Exercise instructions: Return each line of the data that follows exactly as it reads.
(Dataset Opens)
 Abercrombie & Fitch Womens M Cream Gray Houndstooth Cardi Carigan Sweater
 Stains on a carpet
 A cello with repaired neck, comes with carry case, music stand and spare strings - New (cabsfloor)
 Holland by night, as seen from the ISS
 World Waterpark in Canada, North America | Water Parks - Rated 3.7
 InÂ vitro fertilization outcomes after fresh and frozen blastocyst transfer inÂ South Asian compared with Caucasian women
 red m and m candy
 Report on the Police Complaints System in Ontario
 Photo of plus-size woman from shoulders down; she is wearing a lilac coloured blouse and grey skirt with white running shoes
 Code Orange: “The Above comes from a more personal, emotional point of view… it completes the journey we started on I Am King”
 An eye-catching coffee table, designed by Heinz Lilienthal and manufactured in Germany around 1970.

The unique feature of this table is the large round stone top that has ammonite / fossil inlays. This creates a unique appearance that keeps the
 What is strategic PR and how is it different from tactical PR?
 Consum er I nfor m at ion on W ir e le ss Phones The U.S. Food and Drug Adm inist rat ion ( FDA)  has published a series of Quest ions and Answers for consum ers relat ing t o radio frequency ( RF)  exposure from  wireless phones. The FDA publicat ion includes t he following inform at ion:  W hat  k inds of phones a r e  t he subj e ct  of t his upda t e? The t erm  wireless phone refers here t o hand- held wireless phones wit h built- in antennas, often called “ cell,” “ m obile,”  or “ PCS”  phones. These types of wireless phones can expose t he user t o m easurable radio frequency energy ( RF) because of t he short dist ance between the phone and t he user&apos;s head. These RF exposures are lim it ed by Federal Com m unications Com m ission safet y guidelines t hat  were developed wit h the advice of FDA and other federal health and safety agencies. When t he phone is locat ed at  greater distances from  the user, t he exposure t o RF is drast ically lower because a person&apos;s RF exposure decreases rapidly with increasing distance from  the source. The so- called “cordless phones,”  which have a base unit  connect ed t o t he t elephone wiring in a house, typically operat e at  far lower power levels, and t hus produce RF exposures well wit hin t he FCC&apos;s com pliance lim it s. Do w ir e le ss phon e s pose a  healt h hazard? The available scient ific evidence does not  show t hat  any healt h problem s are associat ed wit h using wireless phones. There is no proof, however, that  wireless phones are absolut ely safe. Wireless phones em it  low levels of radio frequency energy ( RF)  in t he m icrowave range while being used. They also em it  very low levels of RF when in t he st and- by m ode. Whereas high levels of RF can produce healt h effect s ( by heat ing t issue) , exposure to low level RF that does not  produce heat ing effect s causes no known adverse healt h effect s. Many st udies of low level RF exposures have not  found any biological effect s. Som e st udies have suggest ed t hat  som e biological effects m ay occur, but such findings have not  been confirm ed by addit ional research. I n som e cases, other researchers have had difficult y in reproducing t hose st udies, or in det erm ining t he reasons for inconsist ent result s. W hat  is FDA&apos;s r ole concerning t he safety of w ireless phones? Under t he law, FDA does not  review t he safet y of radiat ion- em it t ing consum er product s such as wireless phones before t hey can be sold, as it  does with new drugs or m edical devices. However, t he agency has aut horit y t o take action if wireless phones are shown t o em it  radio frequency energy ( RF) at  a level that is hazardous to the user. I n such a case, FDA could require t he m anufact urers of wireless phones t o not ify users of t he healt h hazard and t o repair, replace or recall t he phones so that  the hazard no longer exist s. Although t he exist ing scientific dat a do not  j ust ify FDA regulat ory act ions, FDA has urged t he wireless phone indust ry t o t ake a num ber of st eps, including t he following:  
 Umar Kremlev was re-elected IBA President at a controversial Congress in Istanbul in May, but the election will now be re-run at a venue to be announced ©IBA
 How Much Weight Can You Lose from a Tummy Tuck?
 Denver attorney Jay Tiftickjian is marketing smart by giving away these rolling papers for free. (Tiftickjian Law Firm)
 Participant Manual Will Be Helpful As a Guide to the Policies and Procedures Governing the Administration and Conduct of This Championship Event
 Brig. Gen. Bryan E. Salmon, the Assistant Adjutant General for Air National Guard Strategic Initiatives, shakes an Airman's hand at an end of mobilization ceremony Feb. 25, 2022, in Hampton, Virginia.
(Dataset Closes)
Result:
 Abercrombie & Fitch Womens M Cream Gray Houndstooth Cardi Carigan Sweater
 Stains on a carpet
 A cello with repaired neck, comes with carry case, music stand and spare strings - New (cabsfloor)
 Holland by night, as seen from the ISS
 World Waterpark in Canada, North America | Water Parks - Rated 3.7
 InÂ vitro fertilization outcomes after fresh and frozen blastocyst transfer inÂ South Asian compared with Caucasian women
 red m and m candy
 Report on the Police Complaints System in Ontario
 Photo of plus-size woman from shoulders down; she is wearing a lilac coloured blouse and grey skirt with white running shoes
 Code Orange: “The Above comes from a more personal, emotional point of view… it completes the journey we started on I Am King”
 An eye-catching coffee table, designed by Heinz Lilienthal and manufactured in Germany around 1970.

The unique feature of this table is the large round stone top that has ammonite / fossil inlays. This creates a unique appearance that keeps the
 What is strategic PR and how is it different from tactical PR?
 Consum er I nfor m at ion on W ir e le ss Phones The U.S. Food and Drug Adm inist rat ion ( FDA)  has published a series of Quest ions and Answers for consum ers relat ing t o radio frequency ( RF)  exposure from  wireless phones. The FDA publicat ion includes t he following inform at ion:  W hat  k inds of phones a r e  t he subj e ct  of t his upda t e? The t erm  wireless phone refers here t o hand- held wireless phones wit h built- in antennas, often called “ cell,” “ m obile,”  or “ PCS”  phones. These types of wireless phones can expose t he user t o m easurable radio frequency energy ( RF) because of t he short dist ance between the phone and t he user&apos;s head. These RF exposures are lim it ed by Federal Com m unications Com m ission safet y guidelines t hat  were developed wit h the advice of FDA and other federal health and safety agencies. When t he phone is locat ed at  greater distances from  the user, t he exposure t o RF is drast ically lower because a person&apos;s RF exposure decreases rapidly with increasing distance from  the source. The so- called “cordless phones,”  which have a base unit  connect ed t o t he t elephone wiring in a house, typically operat e at  far lower power levels, and t hus produce RF exposures well wit hin t he FCC&apos;s com pliance lim it s. Do w ir e le ss phon e s pose a  healt h hazard? The available scient ific evidence does not  show t hat  any healt h problem s are associat ed wit h using wireless phones. There is no proof, however, that  wireless phones are absolut ely safe. Wireless phones em it  low levels of radio frequency energy ( RF)  in t he m icrowave range while being used. They also em it  very low levels of RF when in t he st and- by m ode. Whereas high levels of RF can produce healt h effect s ( by heat ing t issue) , exposure to low level RF that does not  produce heat ing effect s causes no known adverse healt h effect s. Many st udies of low level RF exposures have not  found any biological effect s. Som e st udies have suggest ed t hat  som e biological effects m ay occur, but such findings have not  been confirm ed by addit ional research. I n som e cases, other researchers have had difficult y in reproducing t hose st udies, or in det erm ining t he reasons for inconsist ent result s. W hat  is FDA&apos;s r ole concerning t he safety of w ireless phones? Under t he law, FDA does not  review t he safet y of radiat ion- em it t ing consum er product s such as wireless phones before t hey can be sold, as it  does with new drugs or m edical devices. However, t he agency has aut horit y t o take action if wireless phones are shown t o em it  radio frequency energy ( RF) at  a level that is hazardous to the user. I n such a case, FDA could require t he m anufact urers of wireless phones t o not ify users of t he healt h hazard and t o repair, replace or recall t he phones so that  the hazard no longer exist s. Although t he exist ing scientific dat a do not  j ust ify FDA regulat ory act ions, FDA has urged t he wireless phone indust ry t o t ake a num ber of st eps, including t he following:  
 Umar Kremlev was re-elected IBA President at a controversial Congress in Istanbul in May, but the election will now be re-run at a venue to be announced ©IBA
 How Much Weight Can You Lose from a Tummy Tuck?
 Denver attorney Jay Tiftickjian is marketing smart by giving away these rolling papers for free. (Tiftickjian Law Firm)
 Participant Manual Will Be Helpful As a Guide to the Policies and Procedures Governing the Administration and Conduct of This Championship Event
 Brig. Gen. Bryan E. Salmon, the Assistant Adjutant General for Air National Guard Strategic Initiatives, shakes an Airman's hand at an end of mobilization ceremony Feb. 25, 2022, in Hampton, Virginia.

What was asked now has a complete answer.